┏━━
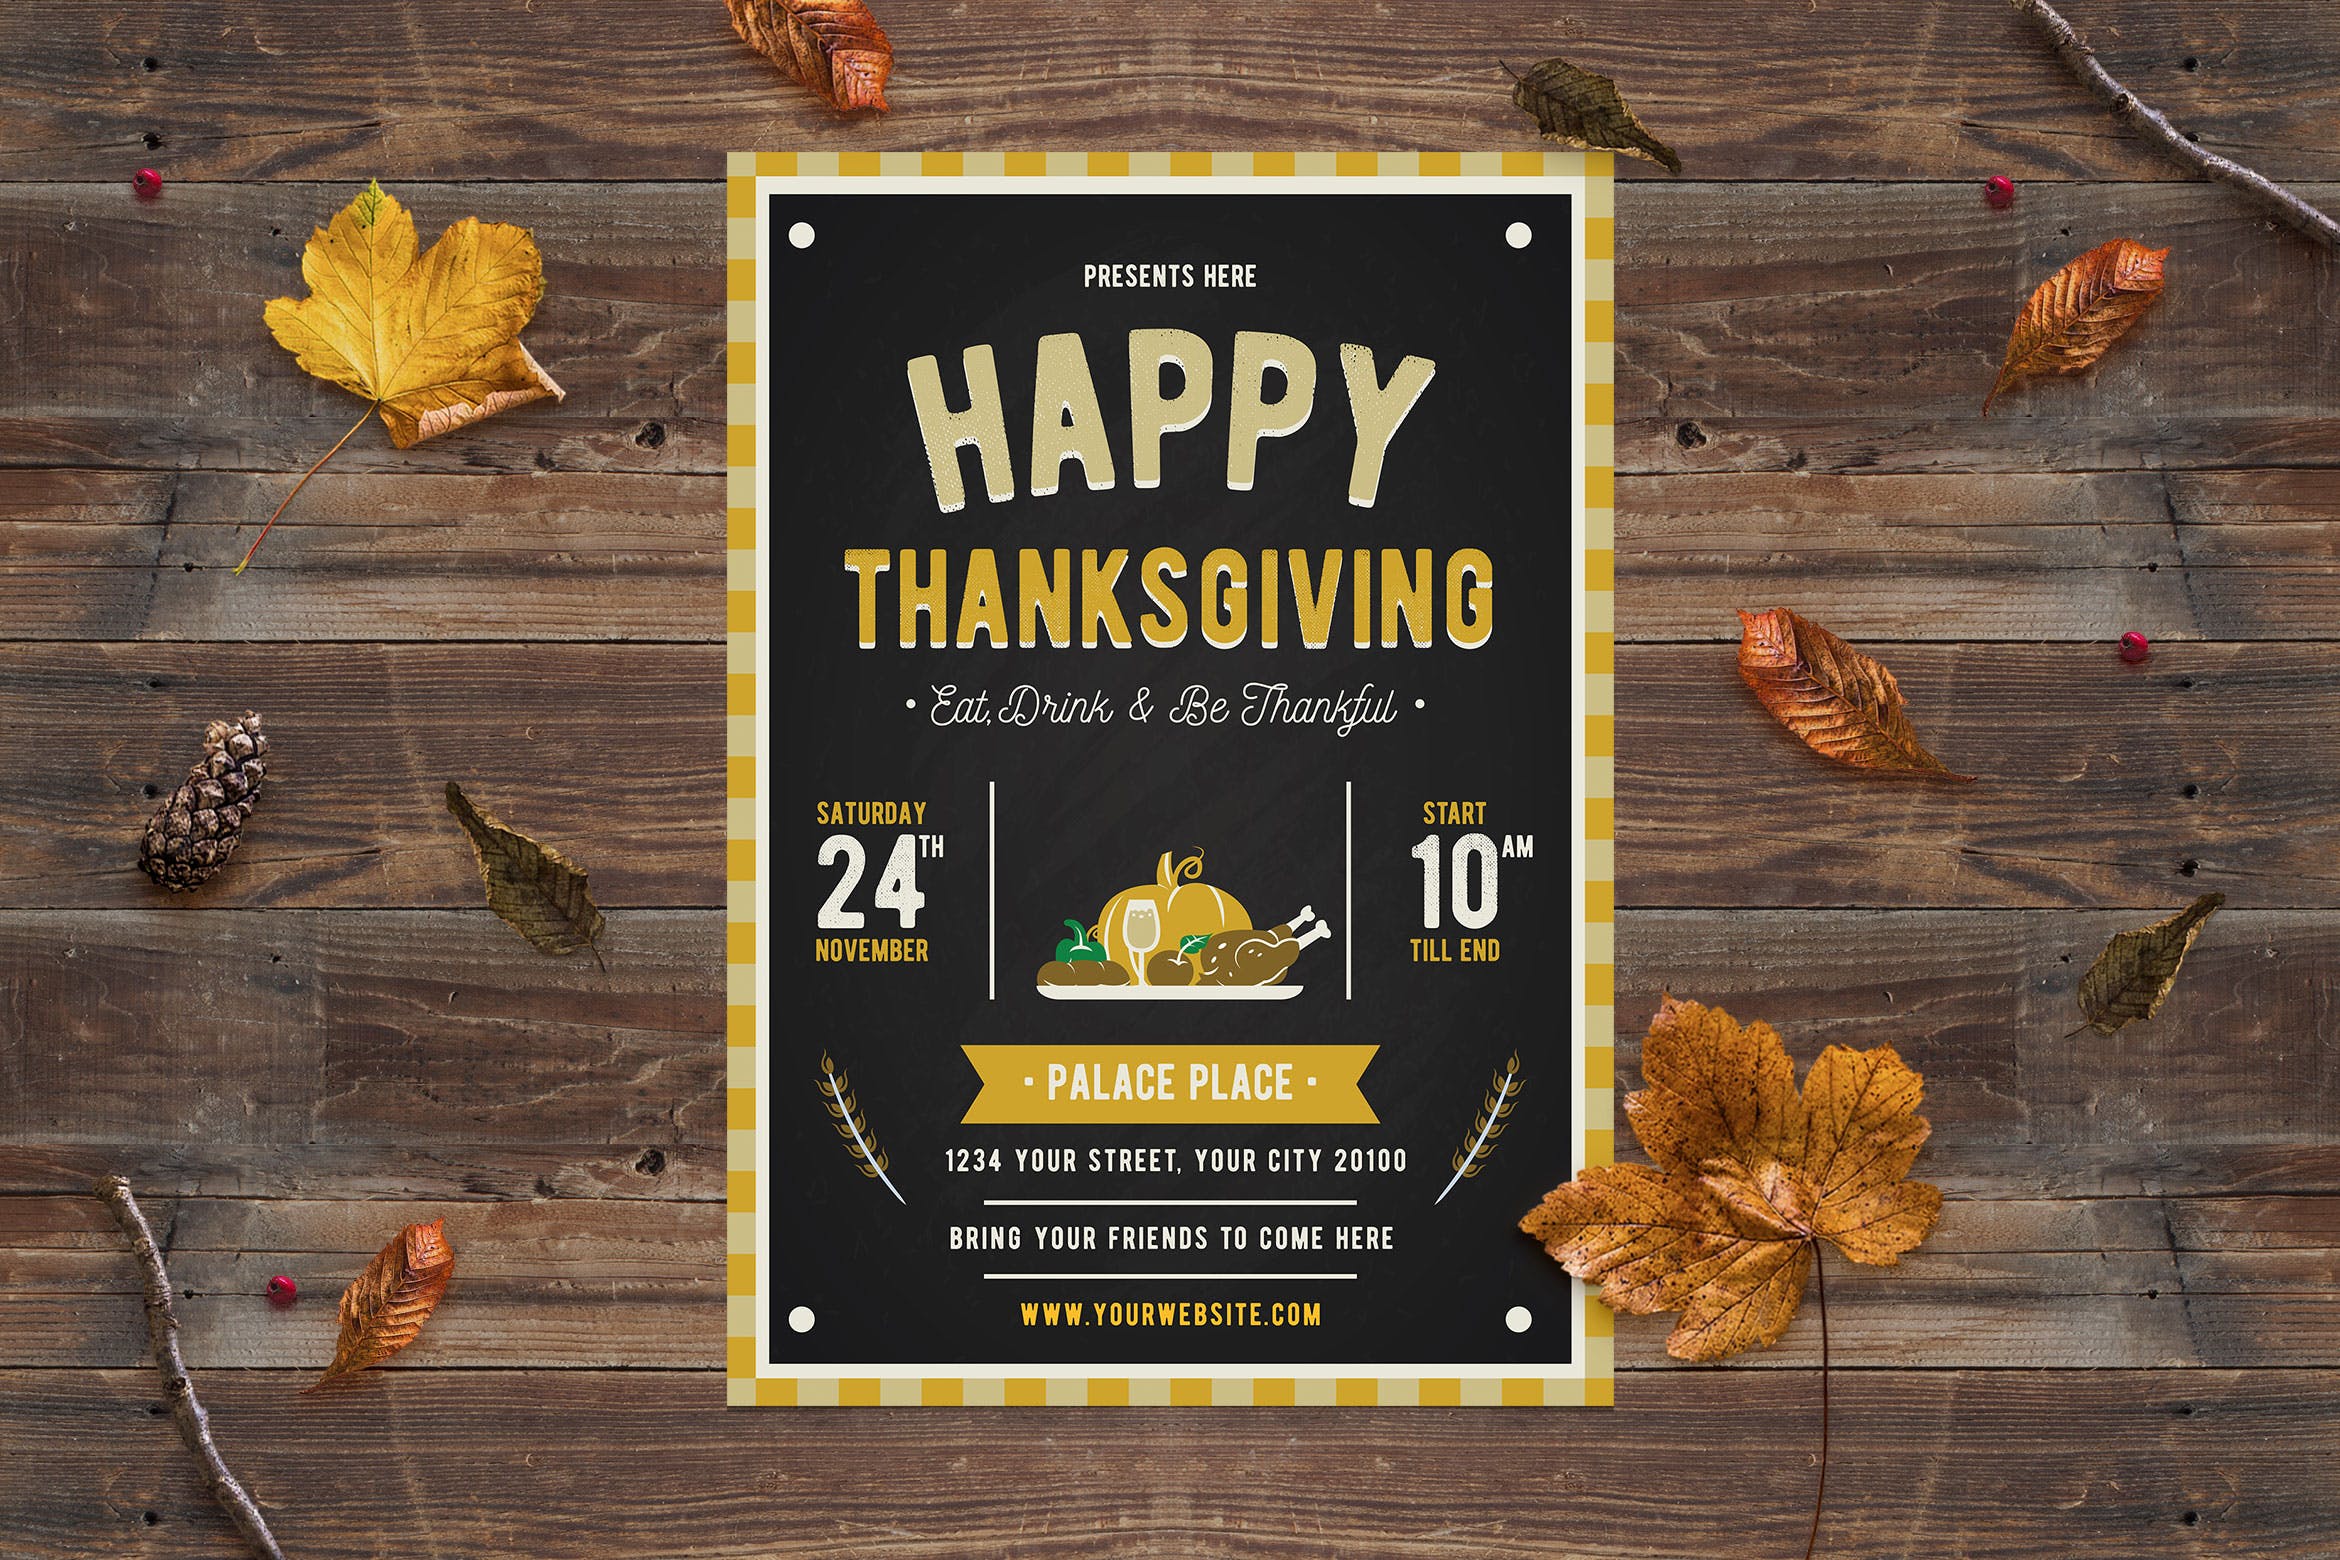 感恩节主题美食活动推广海报传单模板 Happy Thanksgiving Flyer插图
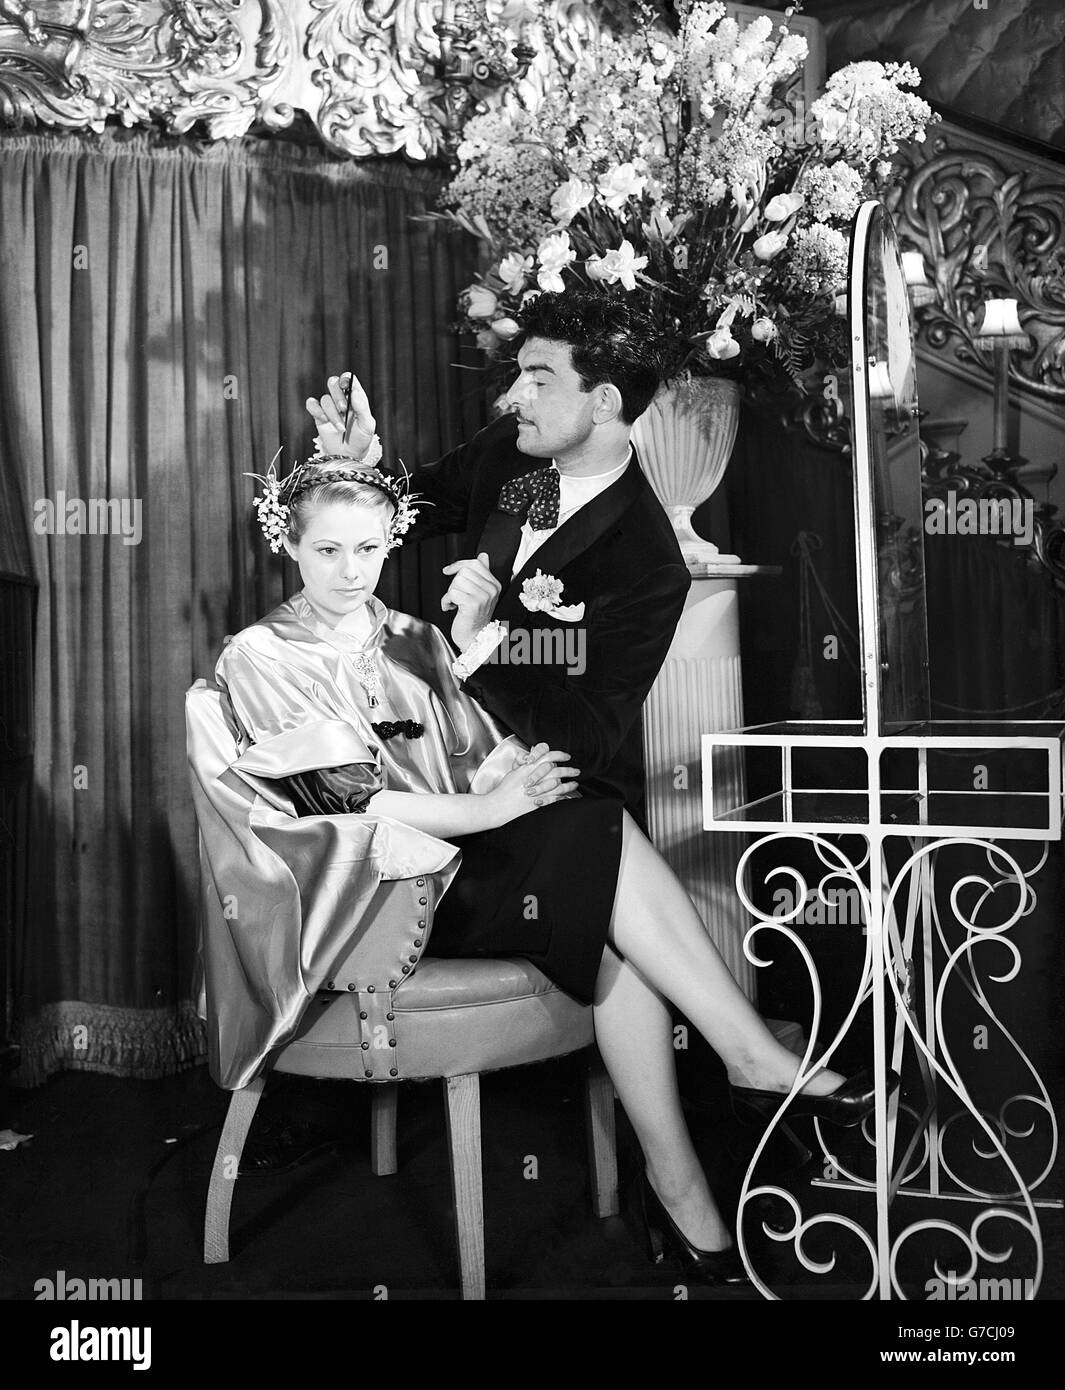 Raymond travaille avec détours sur une coiffure présentée dans sa coiffure de la parade de Pâques de 1951 à Care de Paris, Coventry Street, Londres. Il l'appelle « Parade de Pâques » et a manqué Stella CRIBE comme son modèle. Banque D'Images
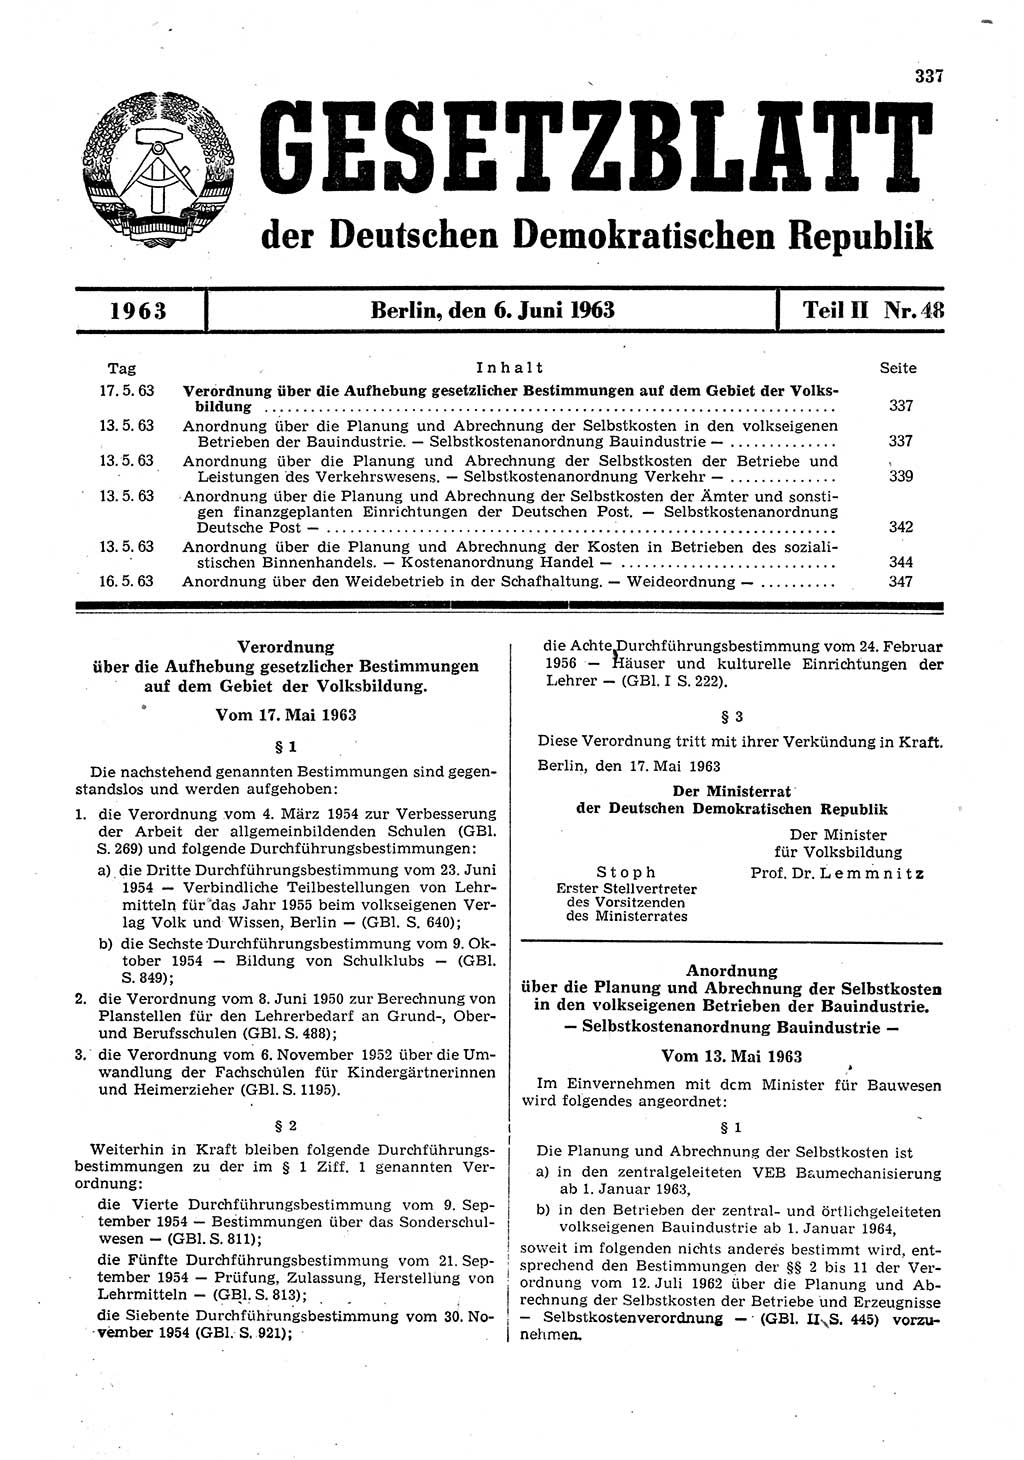 Gesetzblatt (GBl.) der Deutschen Demokratischen Republik (DDR) Teil ⅠⅠ 1963, Seite 337 (GBl. DDR ⅠⅠ 1963, S. 337)
┗━━
_EXERCISE_
Please copy the lines above exactly as written, apart from any pictures.

_RESPONSE_
 感恩节主题美食活动推广海报传单模板 Happy Thanksgiving Flyer插图
 Raymond travaille avec détours sur une coiffure présentée dans sa coiffure de la parade de Pâques de 1951 à Care de Paris, Coventry Street, Londres. Il l'appelle « Parade de Pâques » et a manqué Stella CRIBE comme son modèle. Banque D'Images
 Gesetzblatt (GBl.) der Deutschen Demokratischen Republik (DDR) Teil ⅠⅠ 1963, Seite 337 (GBl. DDR ⅠⅠ 1963, S. 337)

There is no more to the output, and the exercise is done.